**About this task:**
Please write out the whole listing that follows exactly; the pictures stay out.

##### Collected data

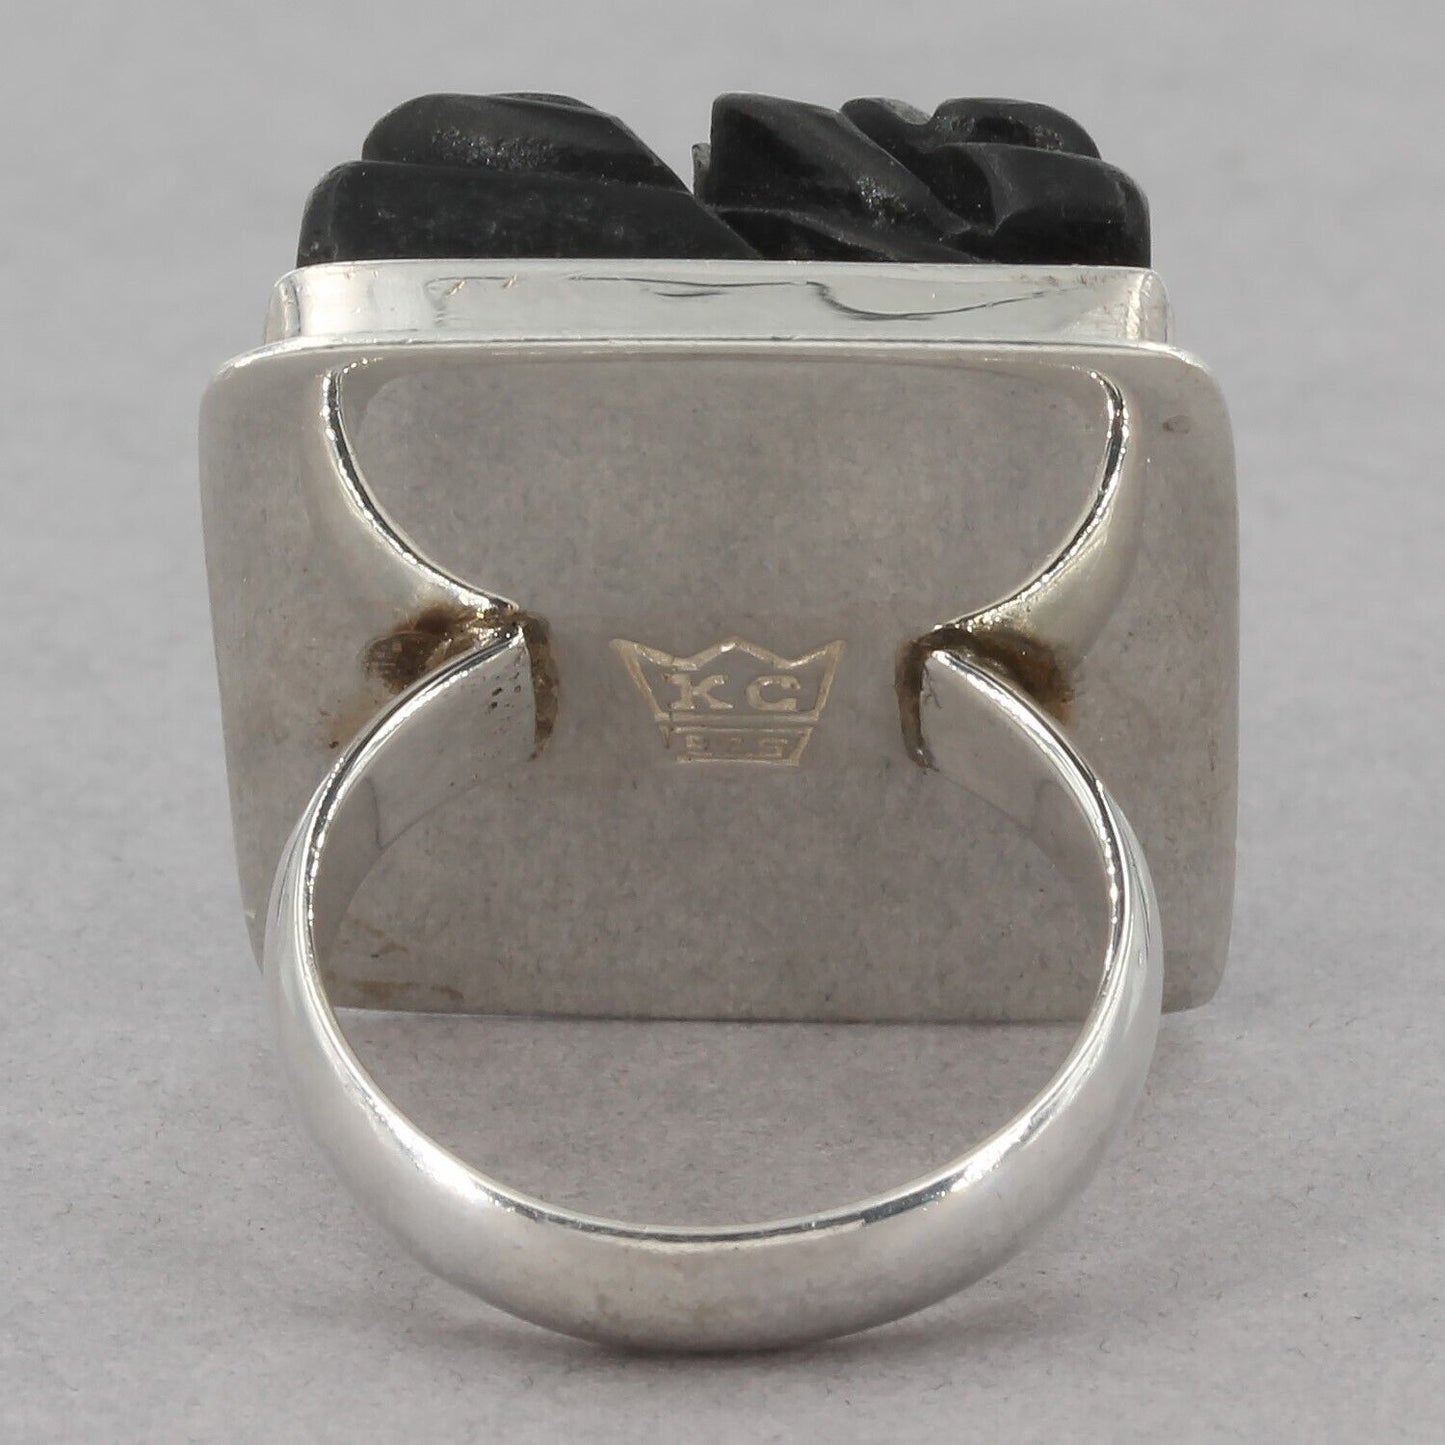 Unique Bold Sterling Carved Black Resin Rose Ring Size 7 Signed KC in Crown
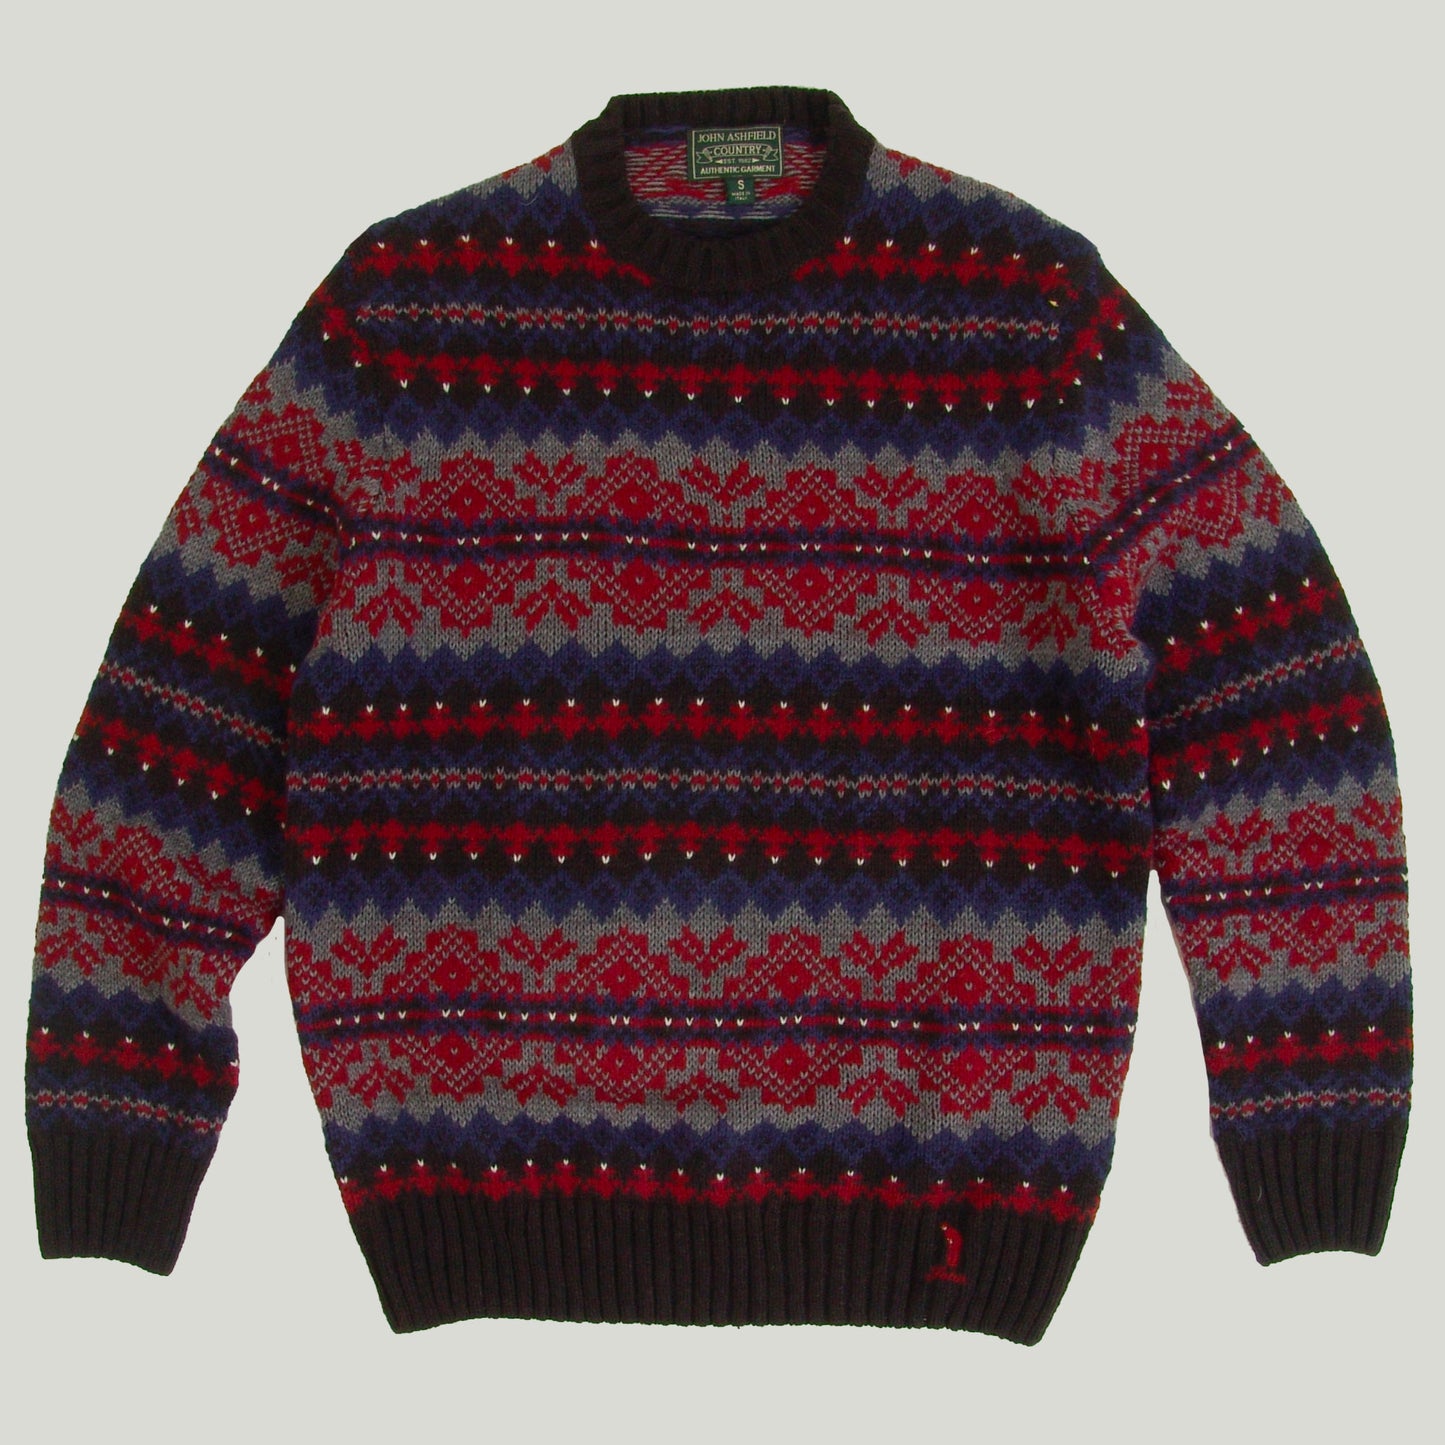 Snowflake Sweater for Men
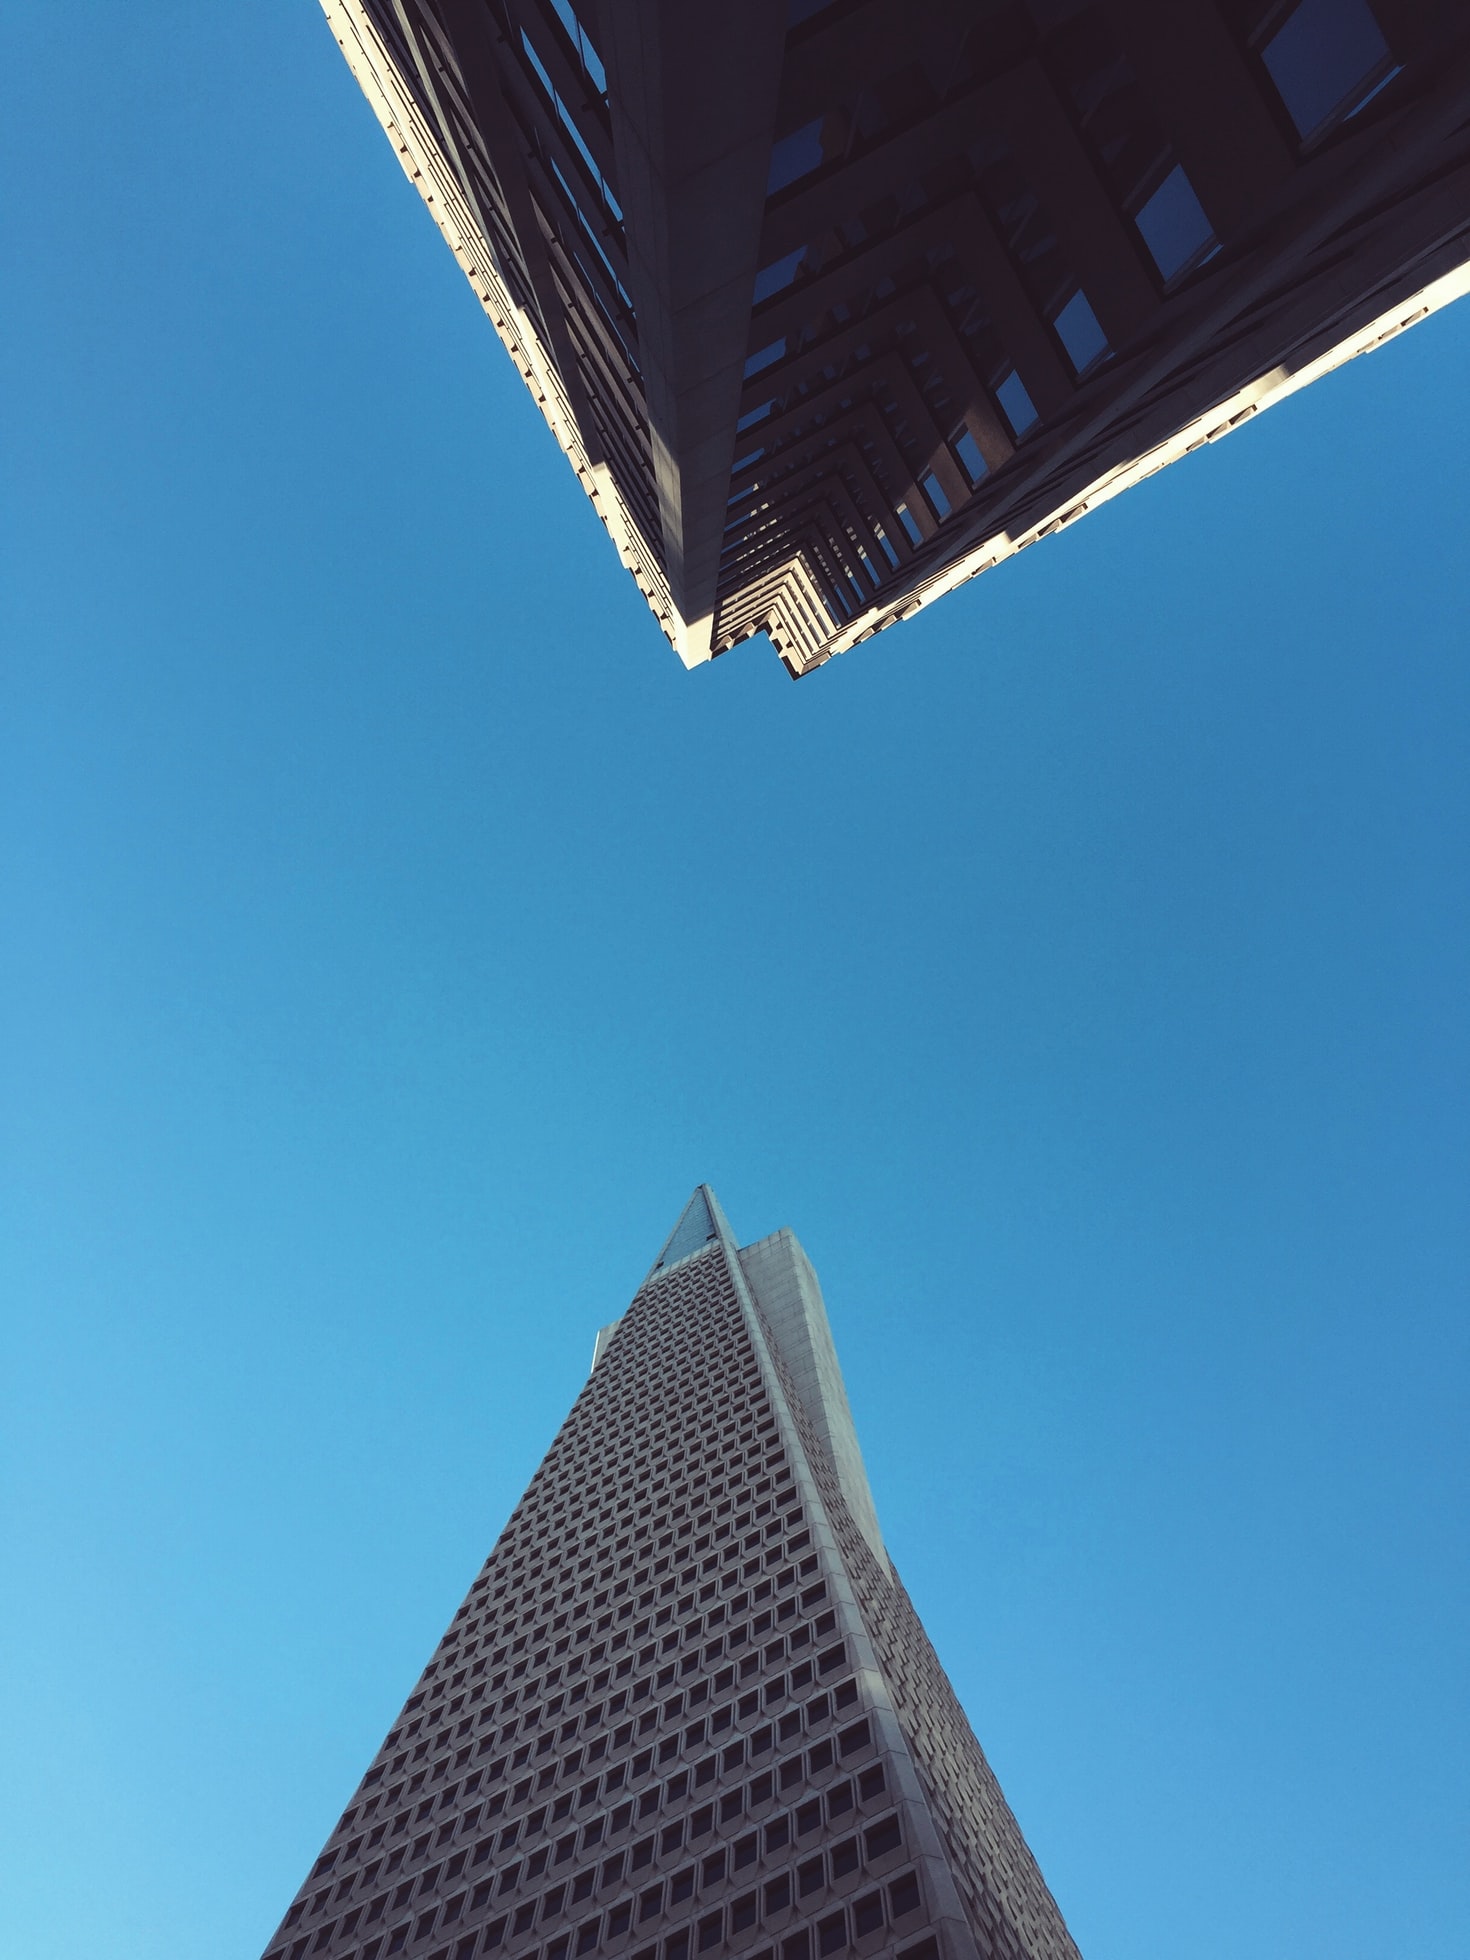 Picture of two skyscraper buildings

##########

**Answer to this problem:**
 Unique Bold Sterling Carved Black Resin Rose Ring Size 7 Signed KC in Crown
 Snowflake Sweater for Men
 Picture of two skyscraper buildings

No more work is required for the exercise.